== Data shown

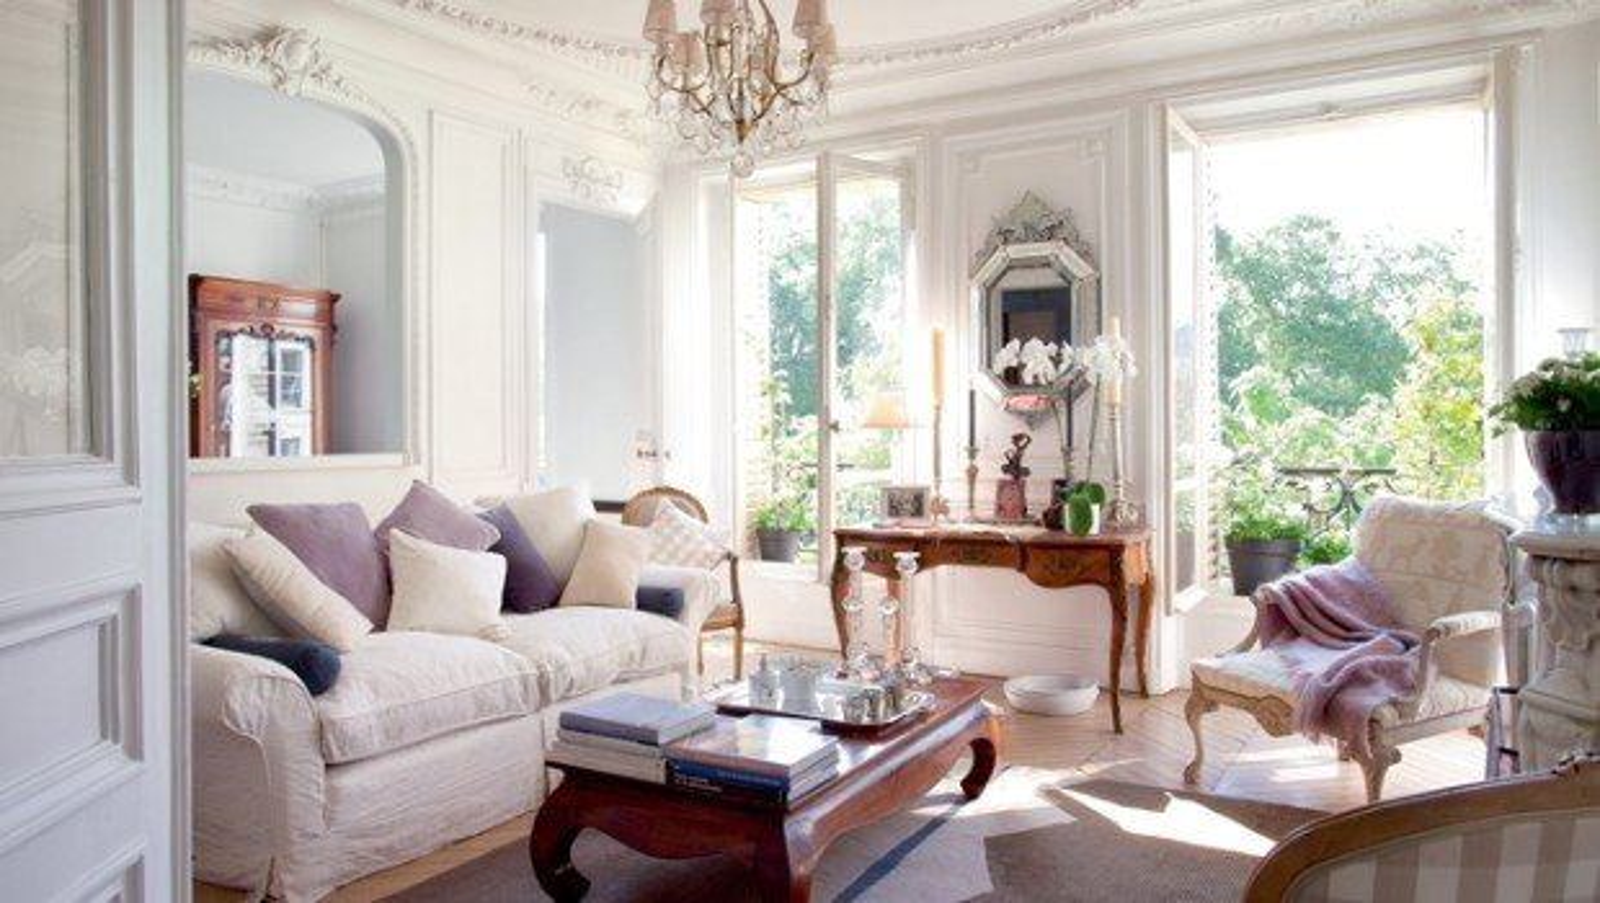 Real Estate: квартира героини «Завтрак у Тиффани» выставлена на ...   350x620
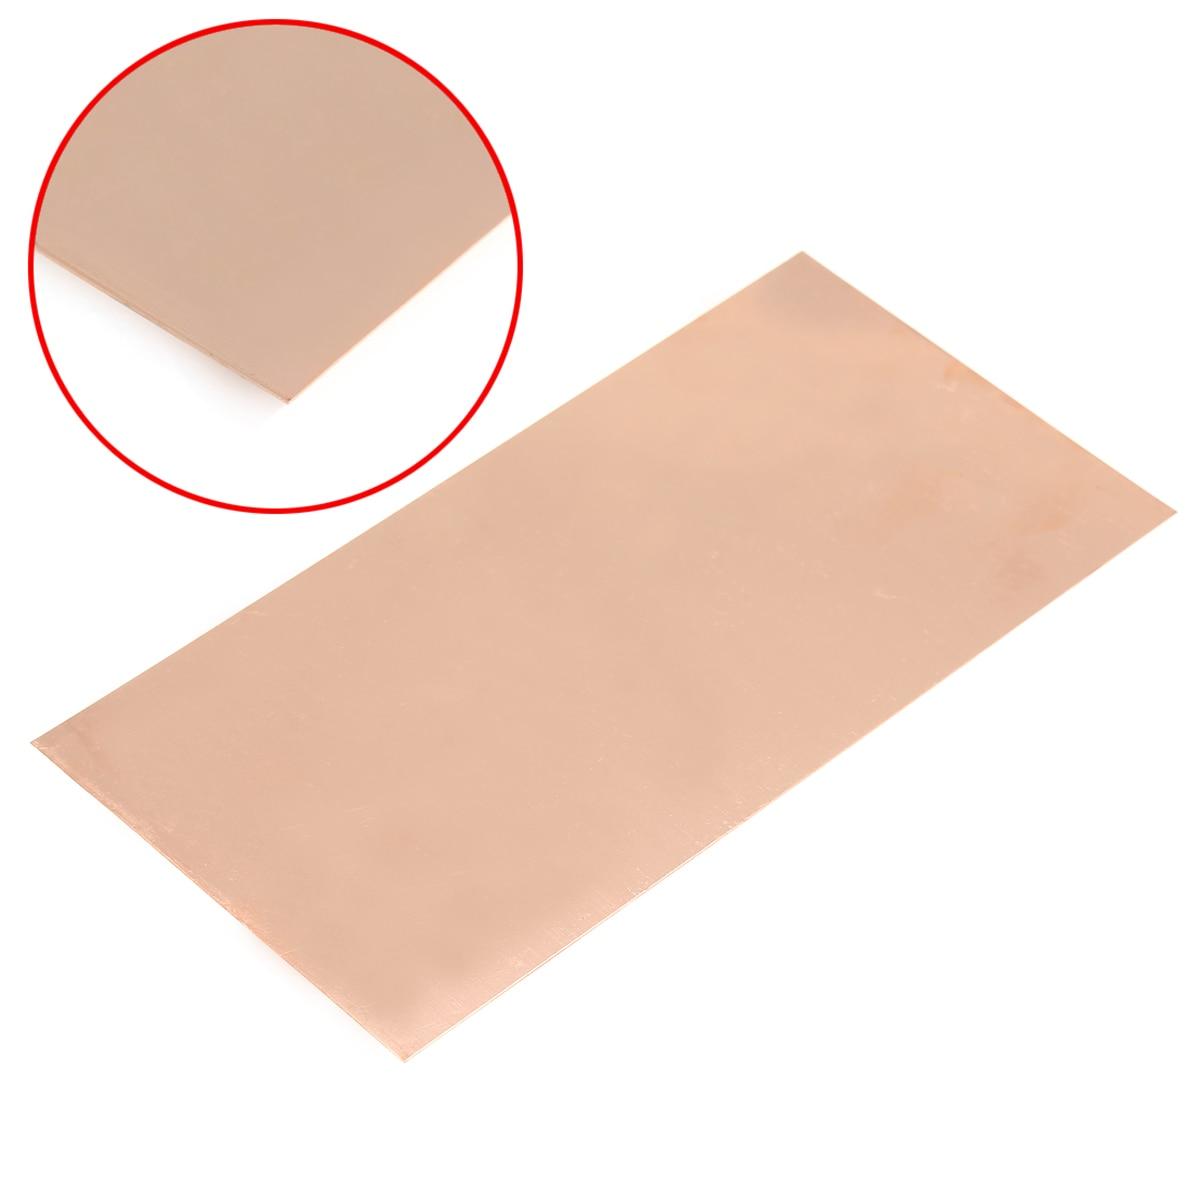 DWZ 1pc 99.9% Pure Copper Cu Metal Sheet Plate Foil Panel 100*200*0.5MM 1pc high purity copper plate cu metal foil sheet 0 1x200x1000mm best price for power tool accessories
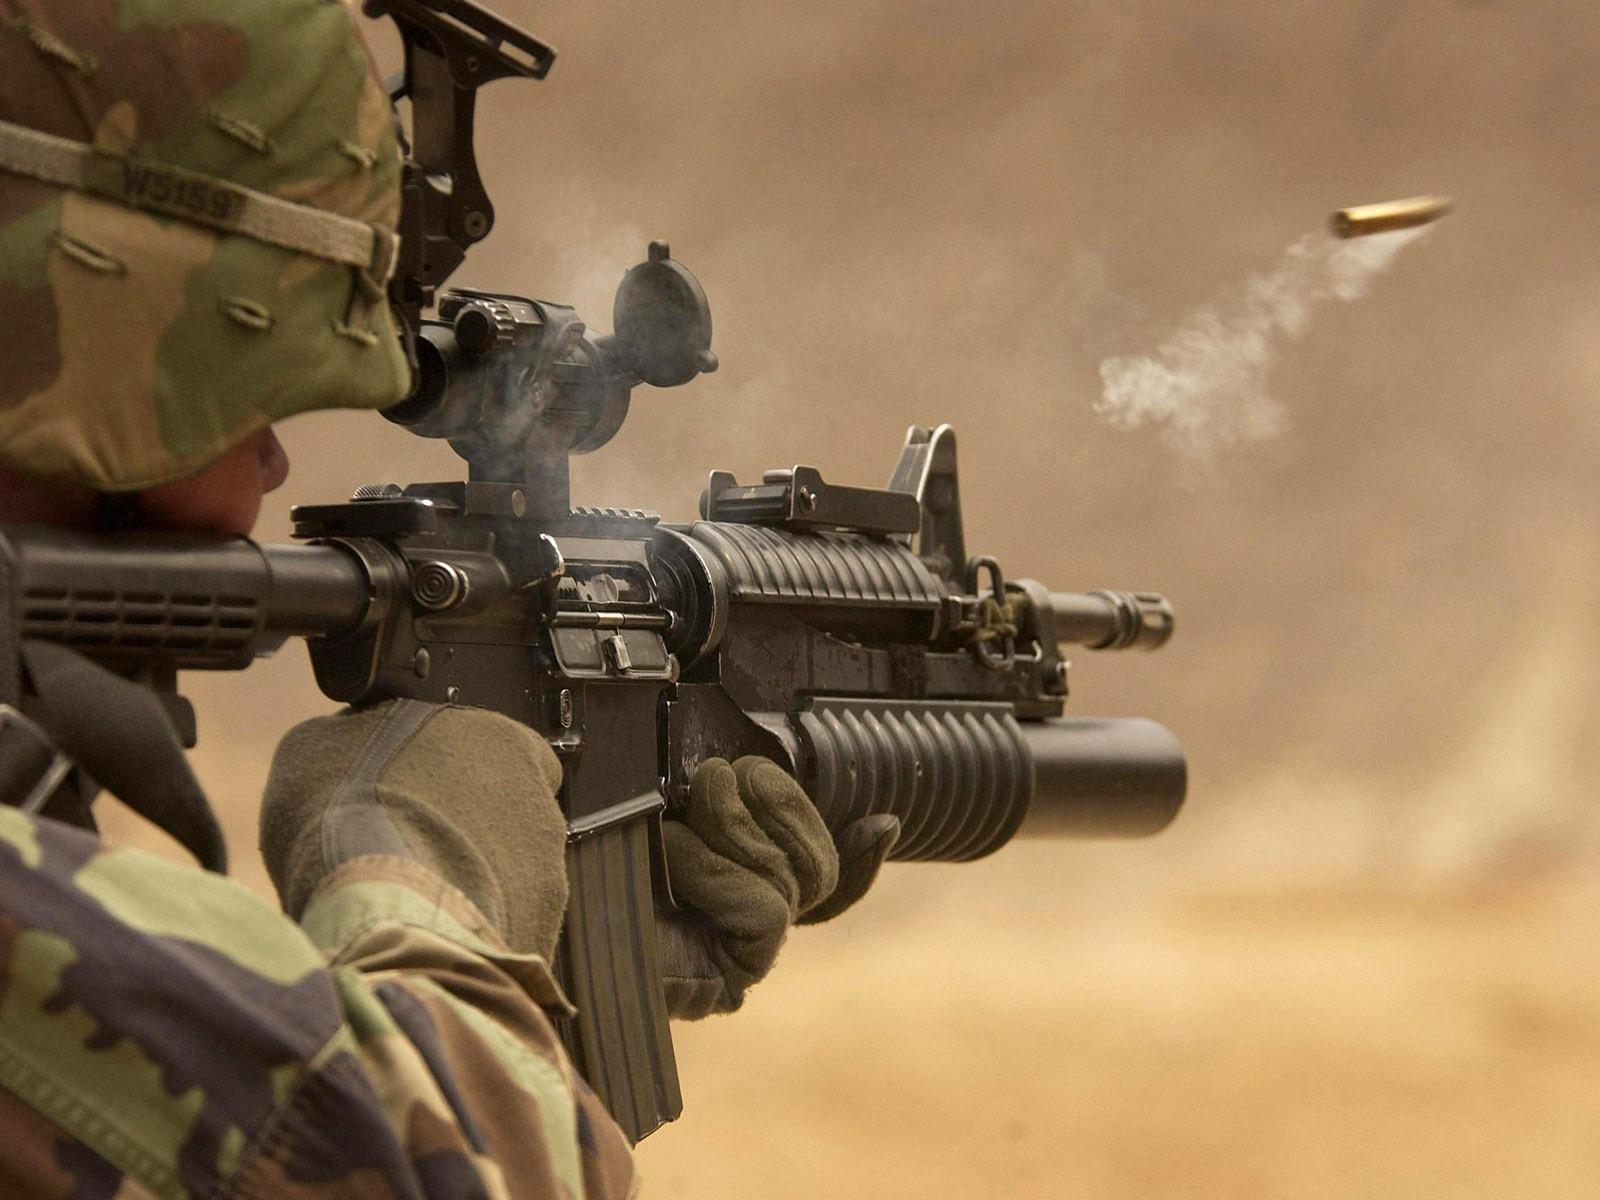 http://2.bp.blogspot.com/--hM7YKyRBvM/UKdGmDL8t4I/AAAAAAAACOA/I3mjnUhFyYw/s1600/Battlefield+soldier+Wallpaper+Military+Wallpaper+2+5.jpg

====

• **Aim of the task**
The expected answer is the full listing above, transcribed exactly and without pictures.

• **Written solution**
 Real Estate: квартира героини «Завтрак у Тиффани» выставлена на ...   350x620
 DWZ 1pc 99.9% Pure Copper Cu Metal Sheet Plate Foil Panel 100*200*0.5MM 1pc high purity copper plate cu metal foil sheet 0 1x200x1000mm best price for power tool accessories
 http://2.bp.blogspot.com/--hM7YKyRBvM/UKdGmDL8t4I/AAAAAAAACOA/I3mjnUhFyYw/s1600/Battlefield+soldier+Wallpaper+Military+Wallpaper+2+5.jpg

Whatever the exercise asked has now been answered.